▶ **WHAT IS REQUIRED**
Images are to be left out; everything else in the listing should be repeated exactly.

▶ **STORED DATA**

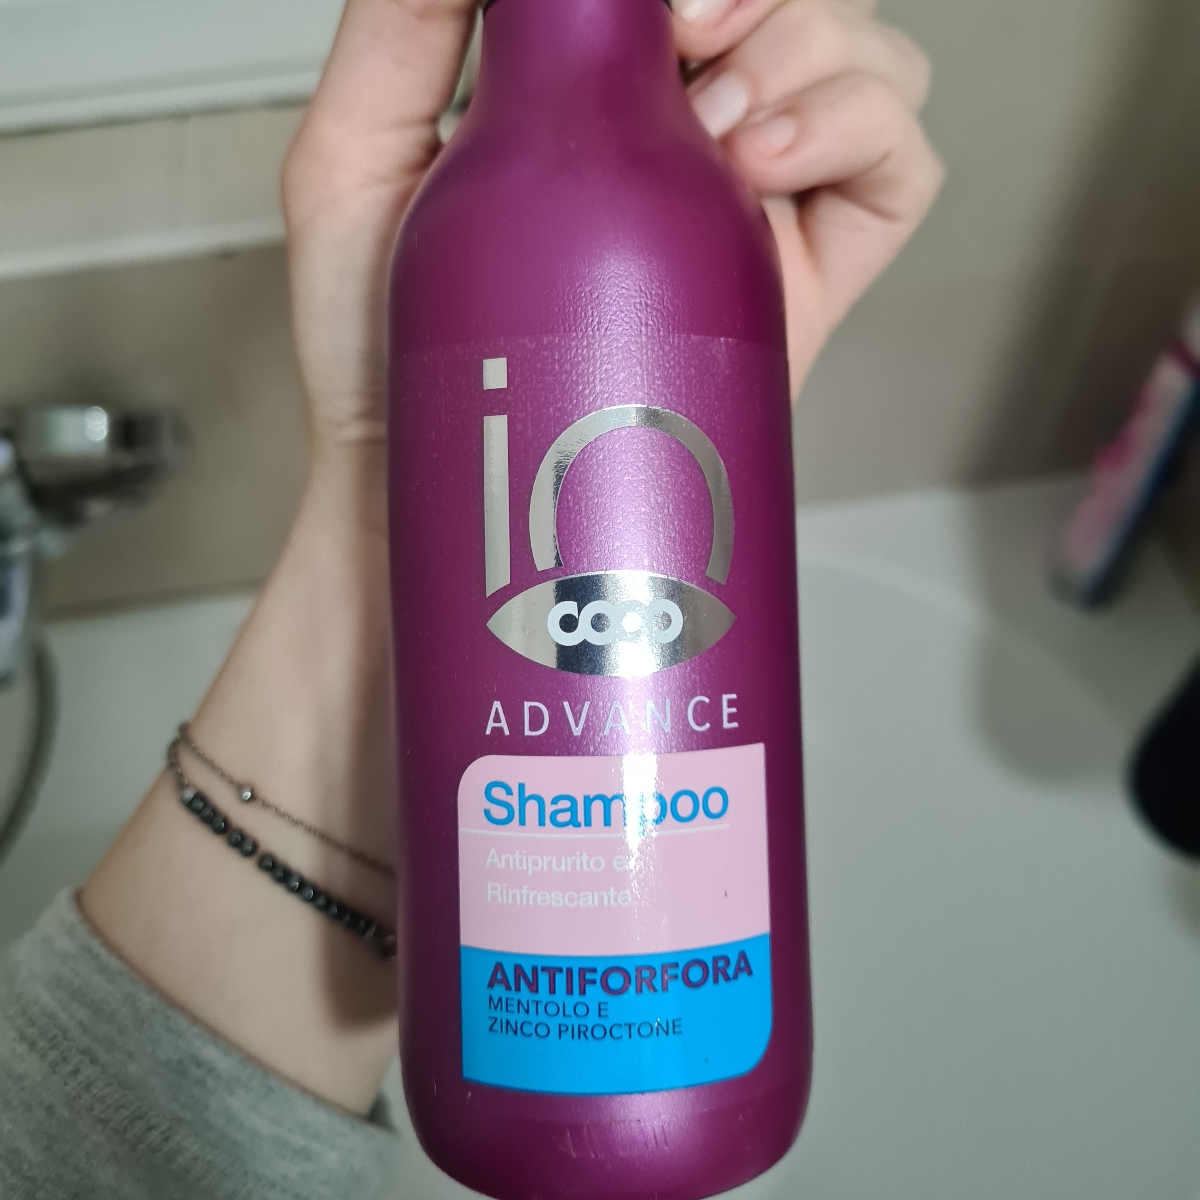 Recensioni su Shampoo advance antiforfora di Coop | abillion
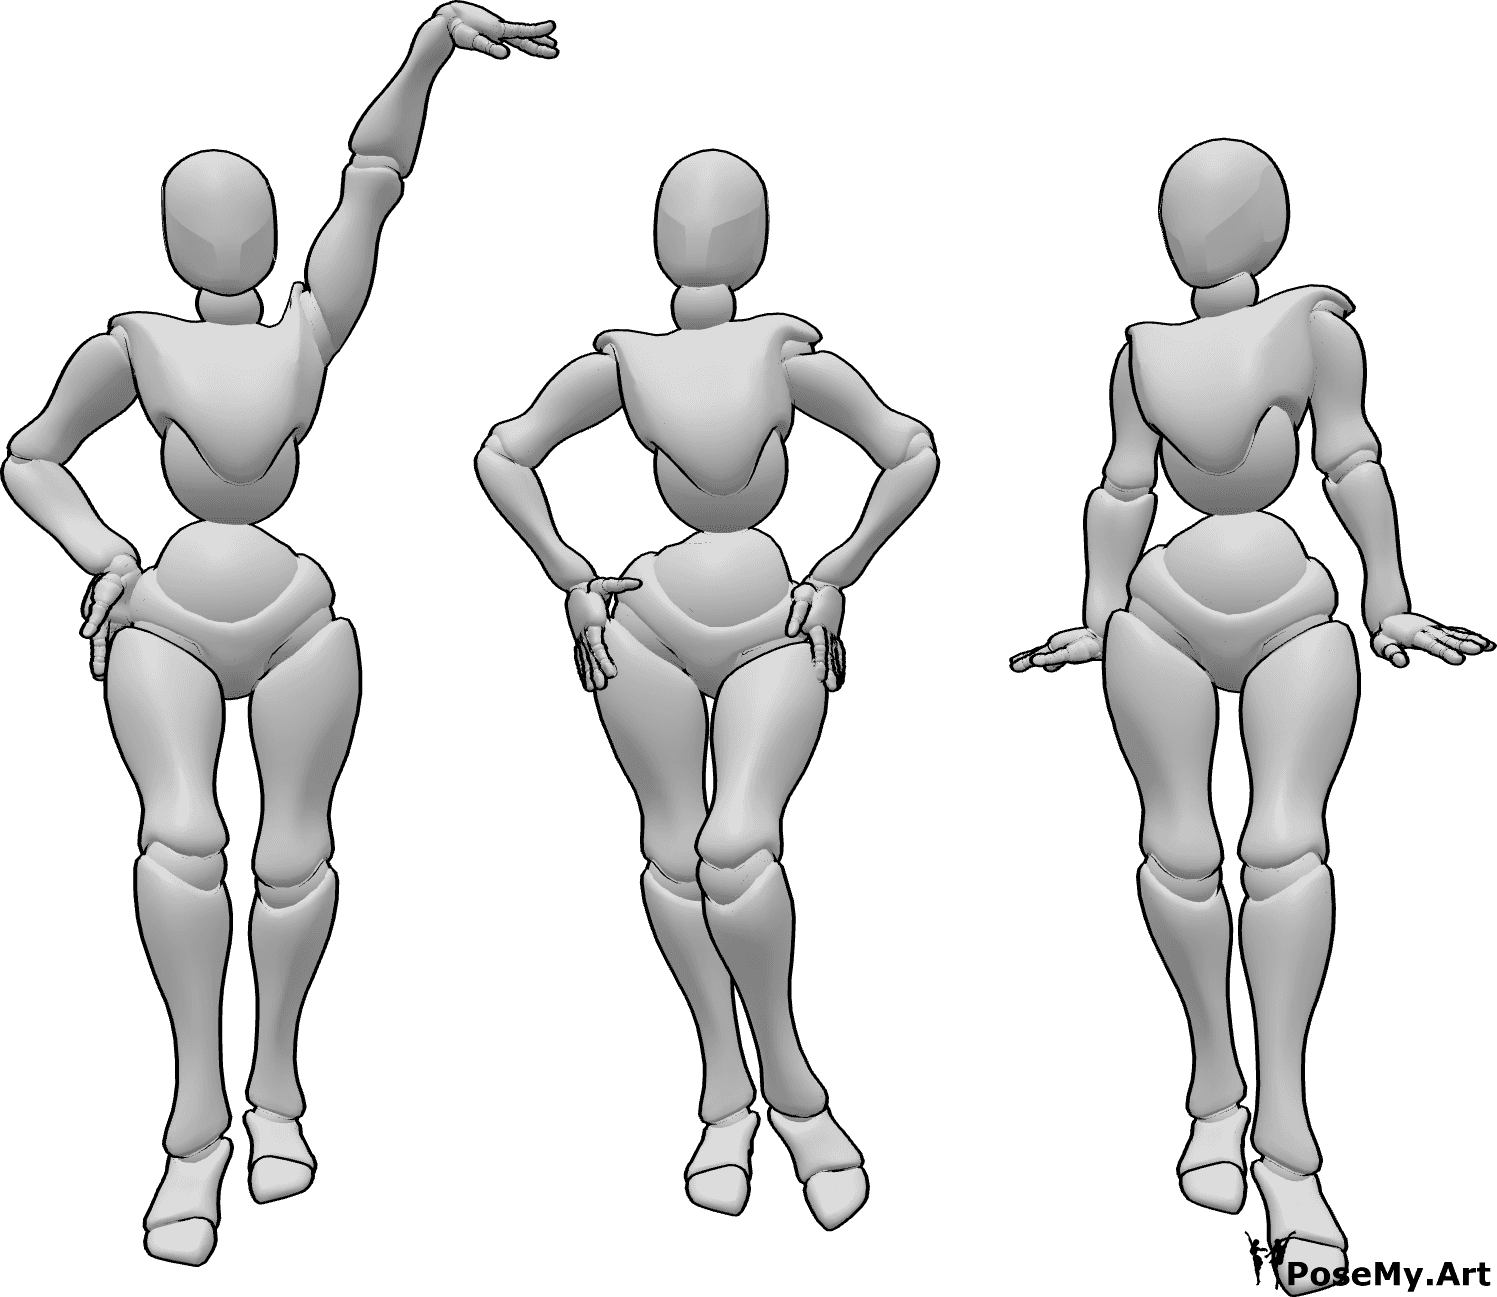 Posen-Referenz- Drei Frauen in stehender Pose - Drei weibliche Personen stehen und posieren wie Models
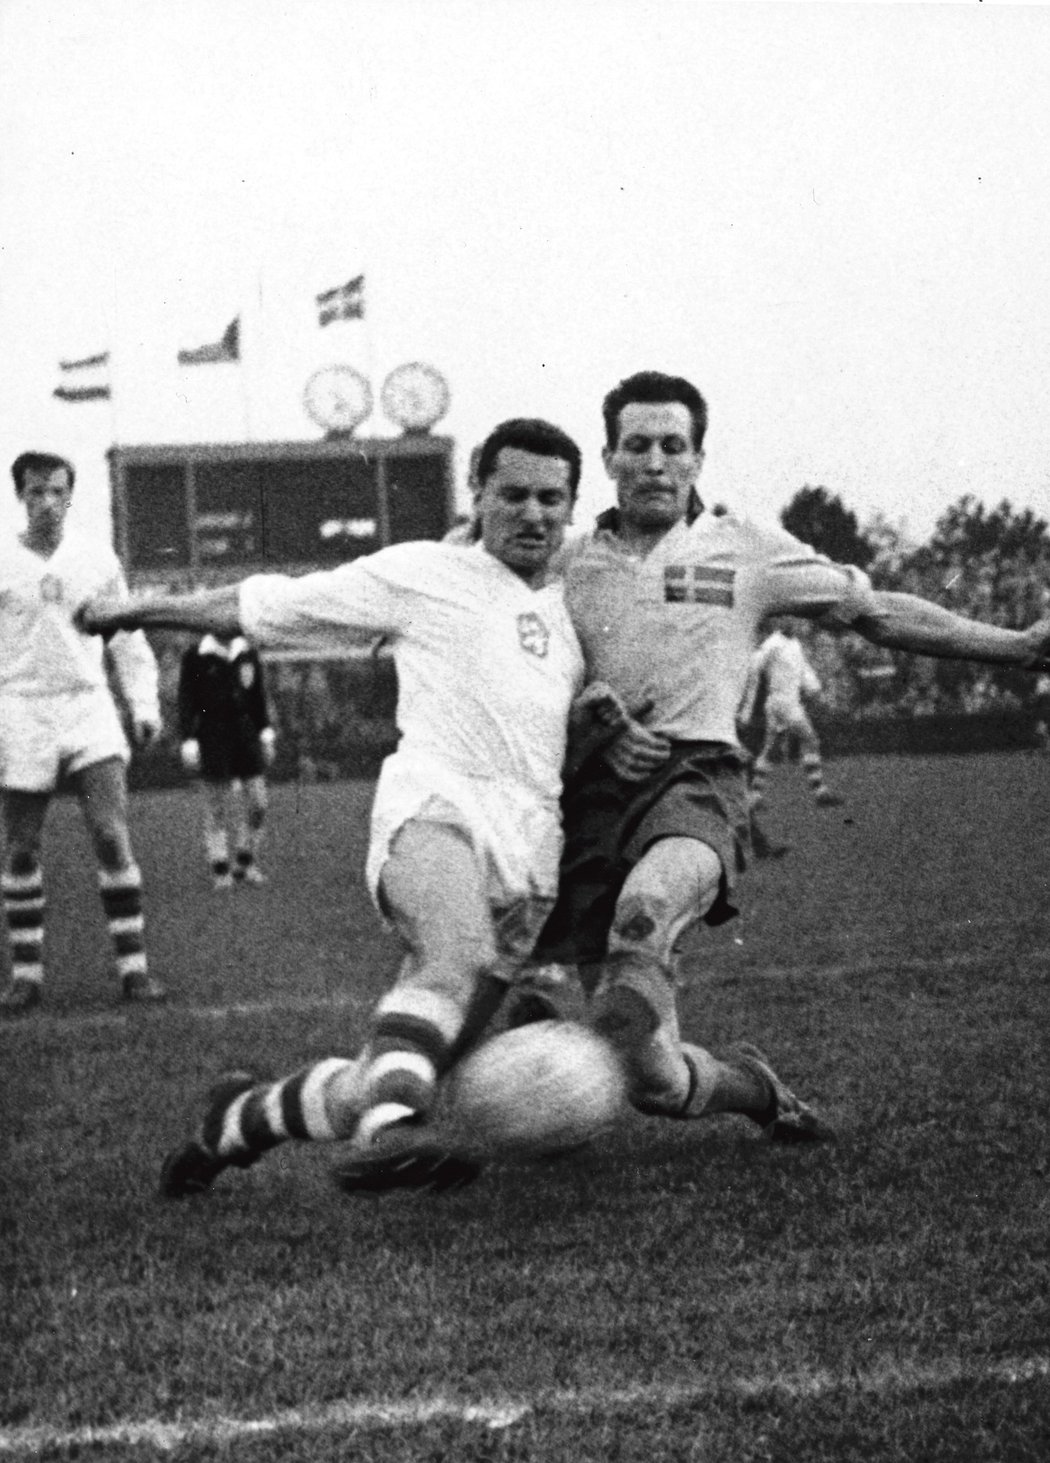 Strahov, rok 1961: 25 tisíc diváků a výhra 2:1 nad Švédy v přátelském utkání. Vítězný gól vstřelil vicemistrům světa Josef Kadraba.

▶ **RESPONSE FOR THIS EXERCISE**
 Recensioni su Shampoo advance antiforfora di Coop | abillion
 Posen-Referenz- Drei Frauen in stehender Pose - Drei weibliche Personen stehen und posieren wie Models
 Strahov, rok 1961: 25 tisíc diváků a výhra 2:1 nad Švédy v přátelském utkání. Vítězný gól vstřelil vicemistrům světa Josef Kadraba.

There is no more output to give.